4. A second appeal has been taken to this Court and it has been strenuously argued by the learned vakil for the appellant that the patta on the face of it shows that the interest of plaintiff’s predecessor was that of a raiyat and that therefore the patta which purported to grant a permanent heritable dar-raiyati lease contravened the provisions of Section 85, Ben. Ten. Act, and could not be admitted in evidence and is not operative as a permanent lease between the plaintiff and the defendants’ predecessor and on the death of the defendants’ predecessor the tenancy must be taken to have been terminated. Reliance is placed on the decision of the Pull Bench in Chandra Kanta v. Amjad Ali A.I.R. 1921 Cal. 451, and it is contended that the present case is governed by the first of the three propositions laid down by the Full Bench. I cannot accept this contention, for it would appear from the statements contained in the patta of 1258 that plaintiff represented to the defendants’ predecessor Rahamat Ali that his status was not that of an ordinary occupancy raiyat, but of a raiyat whose interest was transferable, for it is stated that it was the original raiyati of Abinas Chandra Acharjya and had been purchased at an auction by Sarat Chandra Mahajan. The lease which was granted to Rahamat Ali was described as “bundobasti istemrari daimi kayemi harsana jotedari.” The word “daimi” means
relating to what is perpetual the perpetual1 settlement of the revenue. See Wilsons, Glossary, p. 119.
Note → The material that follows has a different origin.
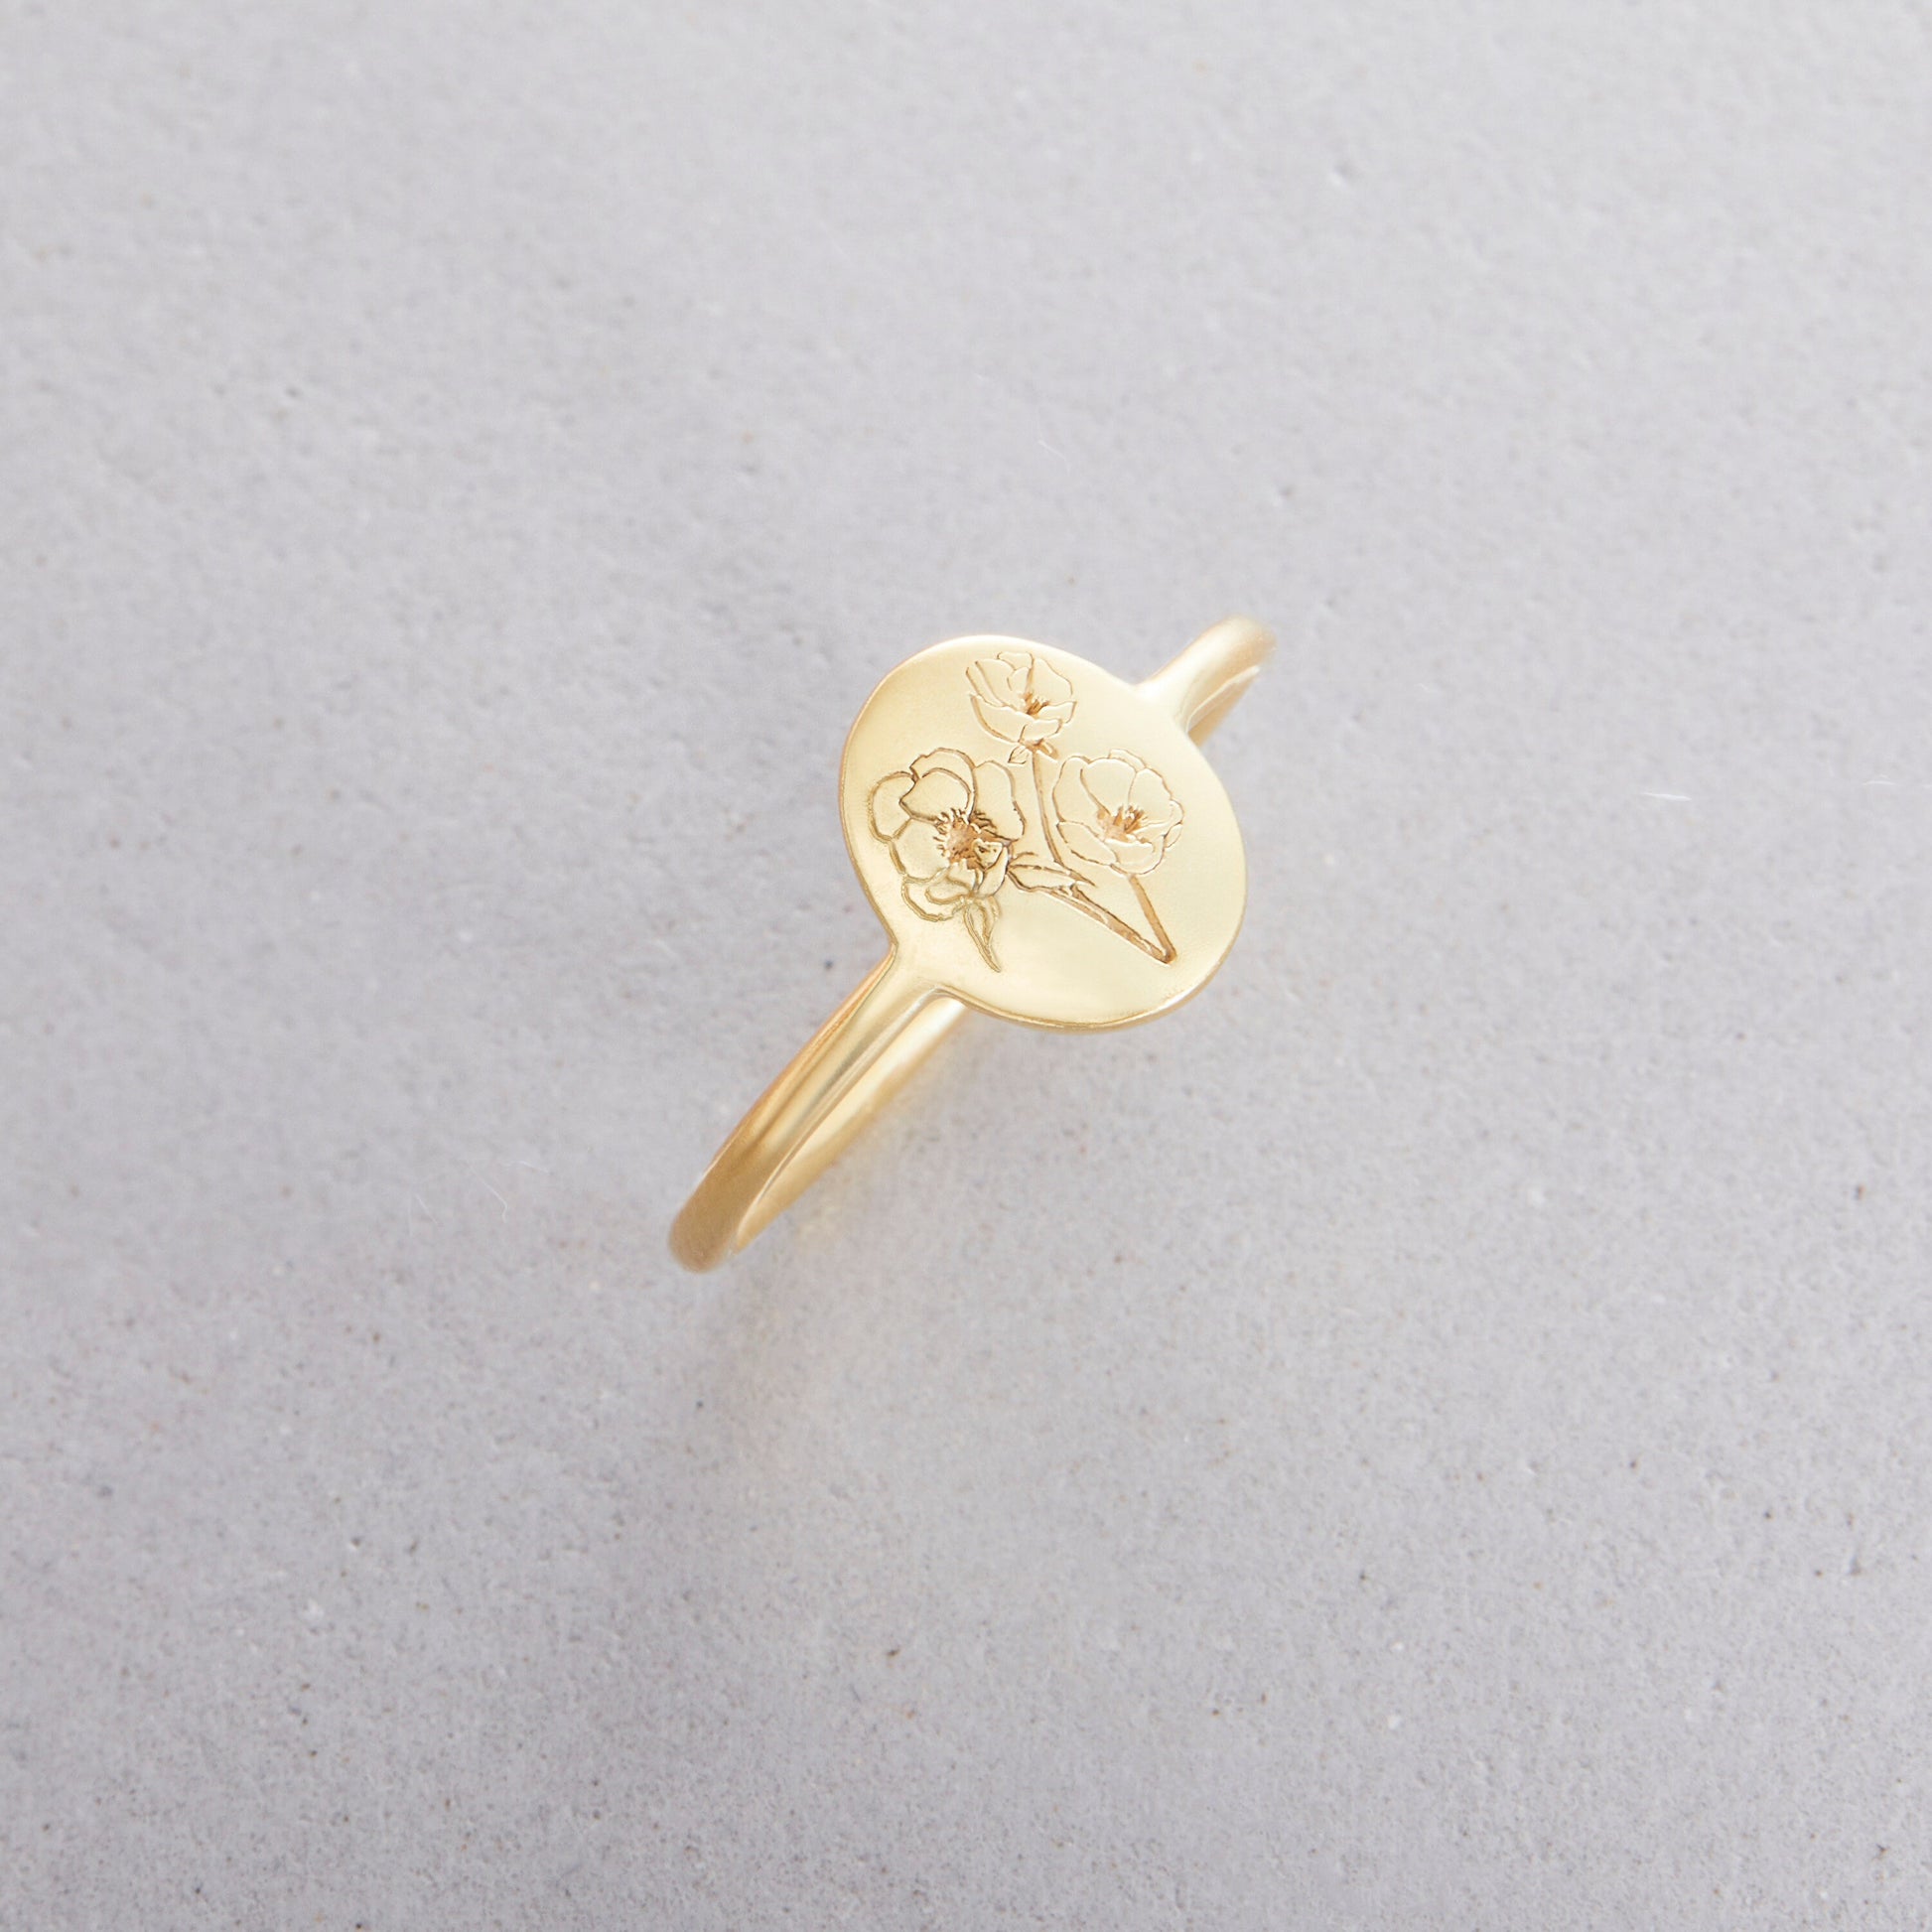 Personalized Birth Flower Ring | Custom Dainty Ring | Everyday Statement Ring | Stacking Ring | Minimalist Stacking Ring | Engraved Ring

5. So it was intended to convey the notion of fixity of rent. The word “diami” imports the notion of fixity of rent. It is stated that in certain localities in Chittagong kayemi raiyats have written leases at fixed rates of rent so that plaintiff by the patta purported to grant a permanent lease with a fixed rental and he represented that his own interest was that of a raiyat whose interest was transferable : see District Gazeteer of 1908 (Chittagong), 152. These representations would certainly convey the impression that the plaintiff was a raiyat at a fixed rent. The learned District Judge says,
the only way in which the terms of the patta can be made consistent is by interpreting raiyati’ to mean raiyati at fixed rent.

6. The plaintiff in his evidence does not deny that he represented himself to have mokarari rights; on the contrary he says that he does not know whether his interest is mokarari or not. Plaintiff’s raiyati was acquired by auction purchase by his brother Sarat. The sale certificate has not been produced, and the fact that permanent lease at a fixed rental was being granted in respect of a raiyati which was transferable carries with it the plainest implication that the raiyati was a raiyati at a fixed rent, which alone is transferable under the law without the consent of the landlord. The case, therefore, falls within the second proposition laid down by the Pull Bench as the patta was granted by the plaintiff who, on the face of the document, professed to have a higher status than that of a raiyat and consequently the defendant may rightly invoke the doctrine of estoppel and plead1 that the plaintiff cannot be permitted to prove that his status was not that of a raiyati at fixed rent.

7. The defendants’ predecessor and the defendant after his death had been in possession since 1888 under the patta. I think the lower appellate Court has put a correct interpretation on the patta. The appeal fails and must be dismissed with costs.